🤖 AI Summary
Point cloud completion faces significant challenges due to severe occlusion, leading to structural incompleteness and topological inconsistency. To address this, we propose a novel “completion-as-correction” paradigm that departs from conventional inpainting-based generative completion. Instead, we leverage pre-trained image-to-3D generative models to provide topology-complete priors and perform progressive structural correction of local observations in feature space. Our method comprises a multi-stage dual-encoder architecture, a hierarchical feature correction module, and a cross-modal RGB-point cloud alignment mechanism. On ShapeNetViPC, it achieves a 23.5% reduction in Chamfer Distance and a 7.1% improvement in F-score over state-of-the-art methods. This work marks the first paradigm shift from unconstrained generation to topology-aware refinement, significantly enhancing both topological plausibility and geometric fidelity of completed point clouds.
📝 Abstract
Point cloud completion aims to reconstruct complete 3D shapes from partial observations, which is a challenging problem due to severe occlusions and missing geometry. Despite recent advances in multimodal techniques that leverage complementary RGB images to compensate for missing geometry, most methods still follow a Completion-by-Inpainting paradigm, synthesizing missing structures from fused latent features. We empirically show that this paradigm often results in structural inconsistencies and topological artifacts due to limited geometric and semantic constraints. To address this, we rethink the task and propose a more robust paradigm, termed Completion-by-Correction, which begins with a topologically complete shape prior generated by a pretrained image-to-3D model and performs feature-space correction to align it with the partial observation.
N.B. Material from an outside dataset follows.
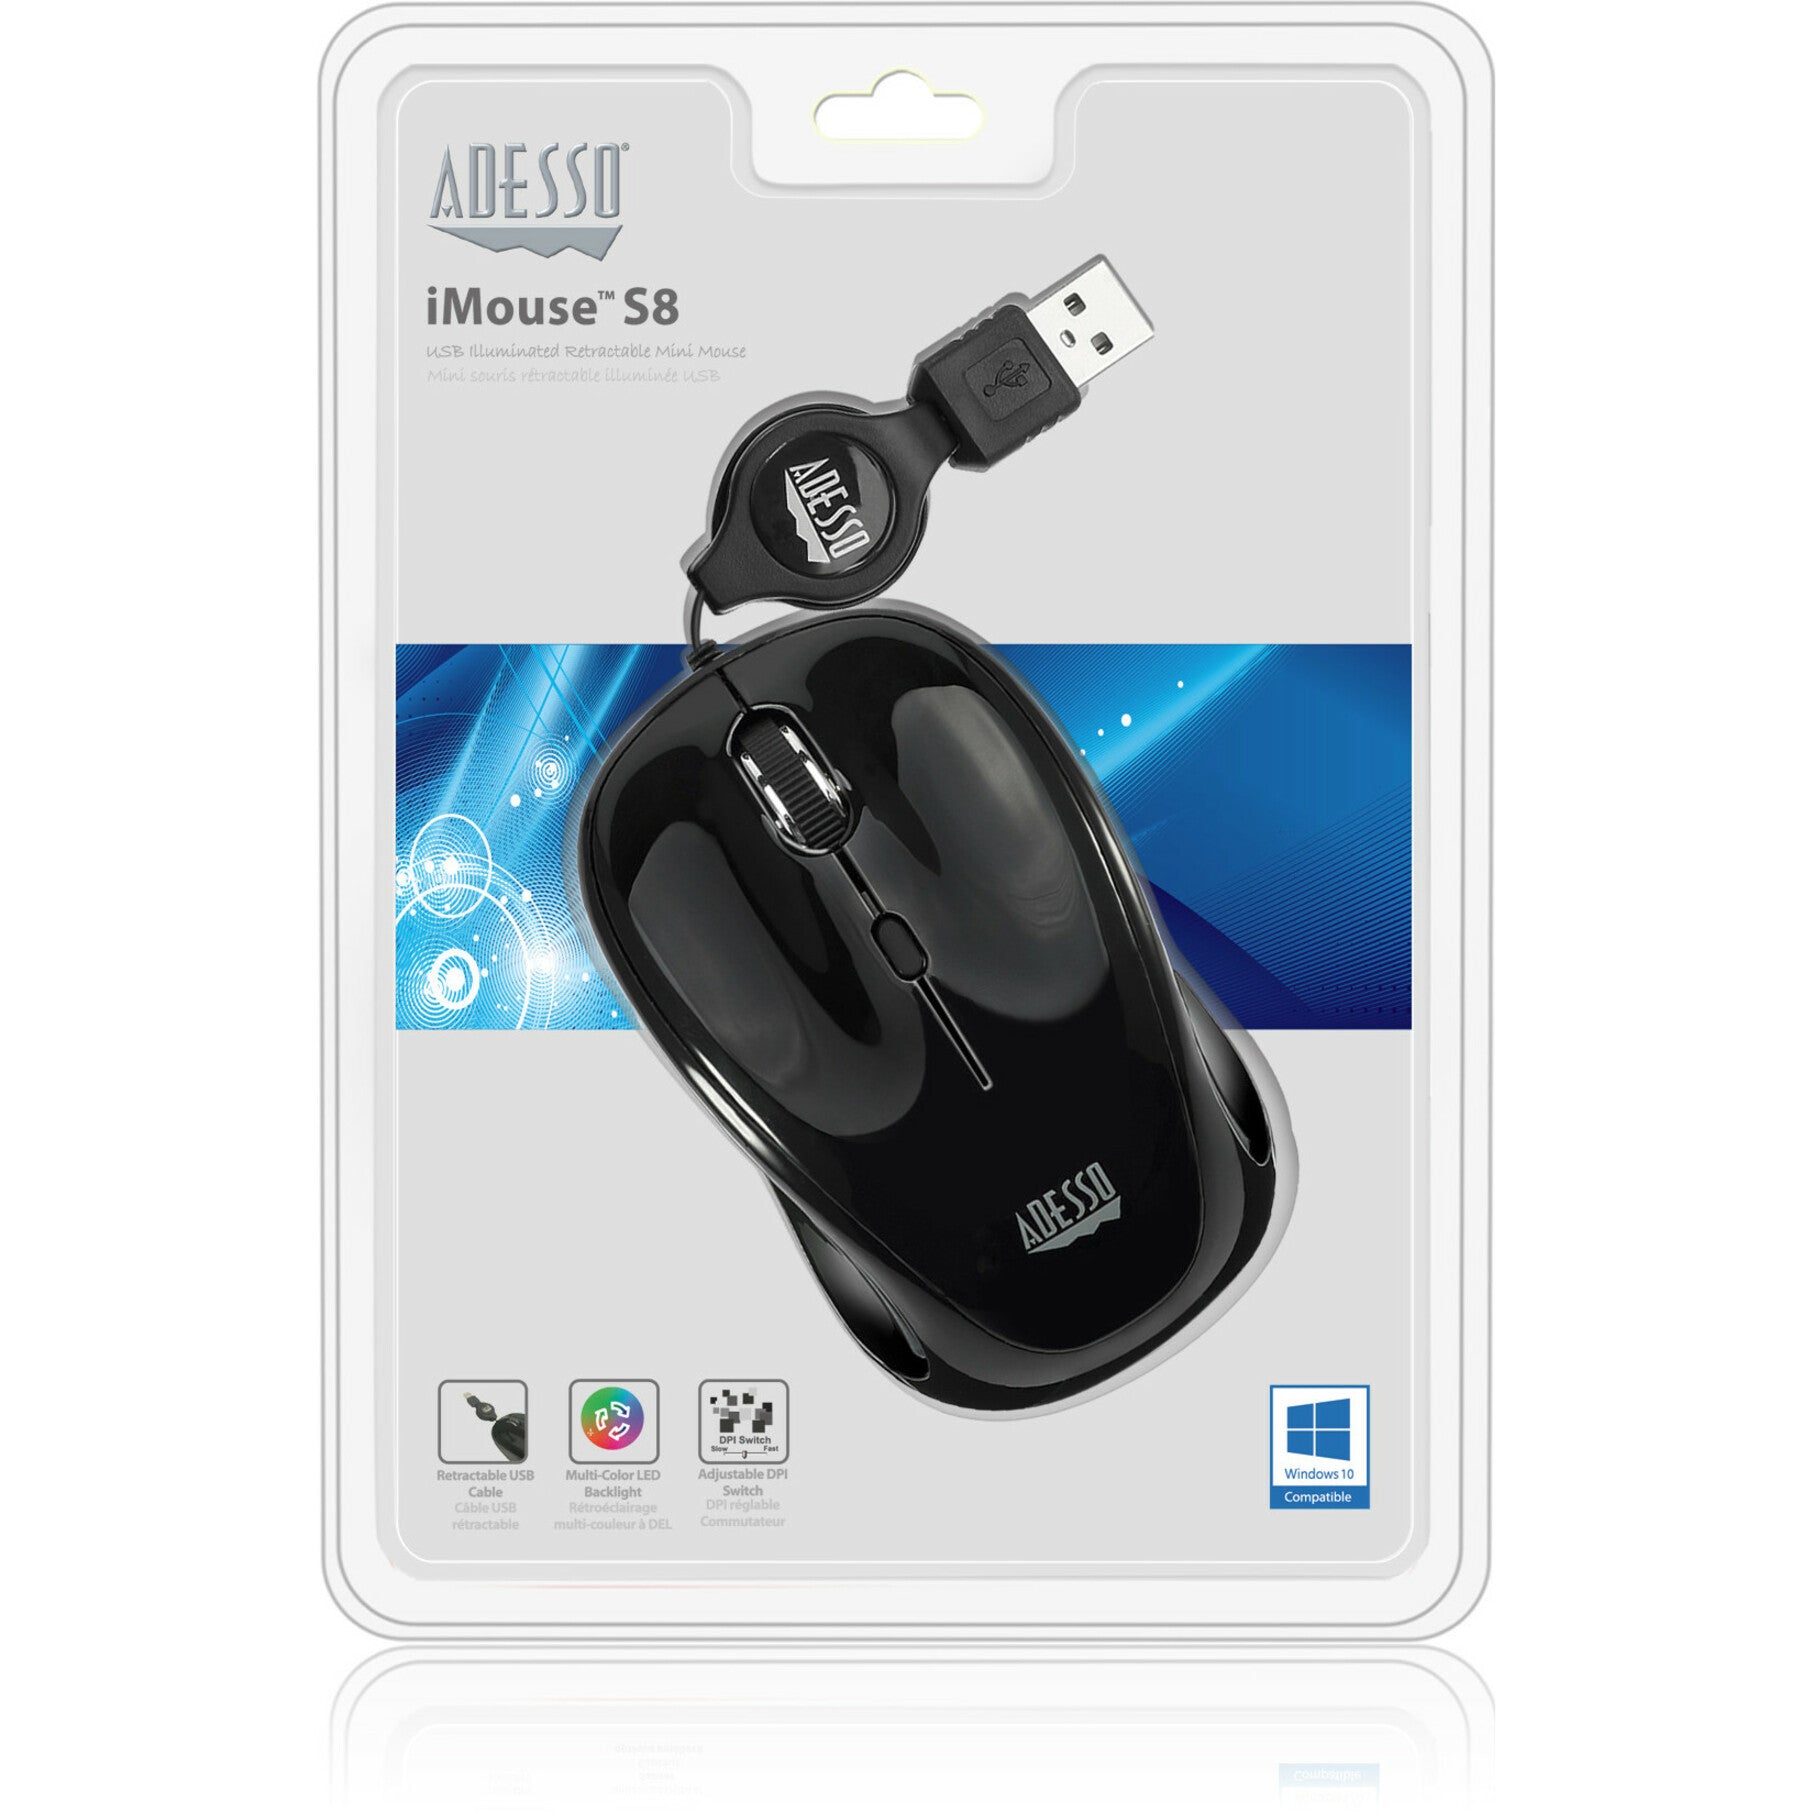 Adesso IMOUSE S8B USB Illuminated Retractable Mini Mouse, Ergonomic Fit, 1600 DPI, Symmetrical Design
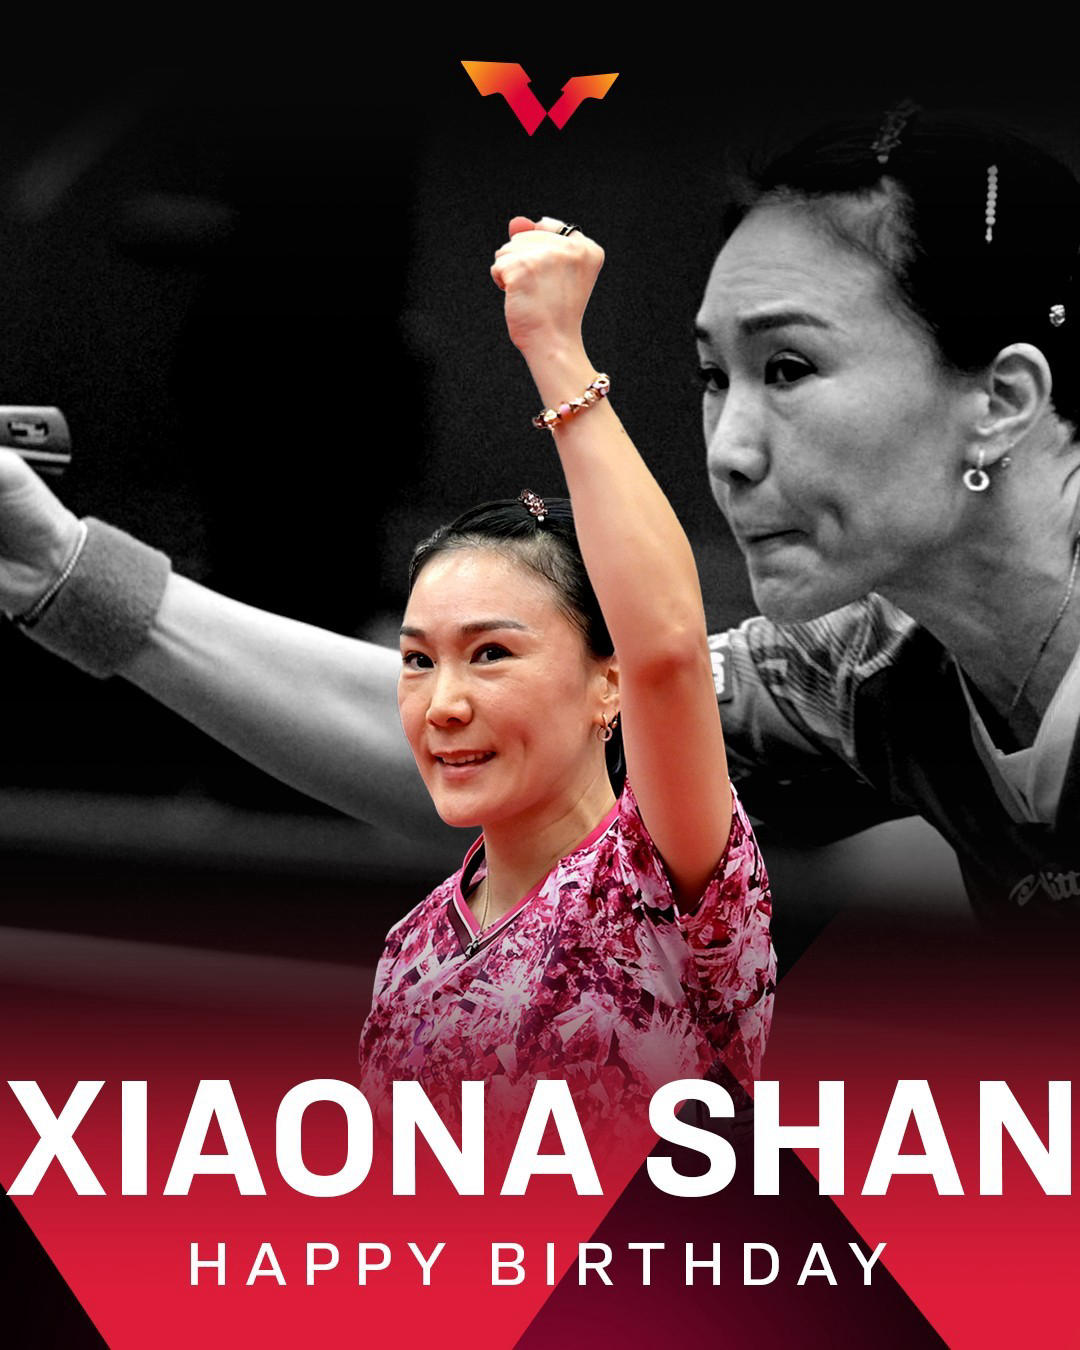 World Table Tennis - Happy birthday to #xiaonashan

This paradigm shifts completion from unconstrained synthesis to guided refinement, enabling structurally consistent and observation-aligned reconstruction. Building upon this paradigm, we introduce PGNet, a multi-stage framework that conducts dual-feature encoding to ground the generative prior, synthesizes a coarse yet structurally aligned scaffold, and progressively refines geometric details via hierarchical correction. Experiments on the ShapeNetViPC dataset demonstrate the superiority of PGNet over state-of-the-art baselines in terms of average Chamfer Distance (-23.5%) and F-score (+7.1%).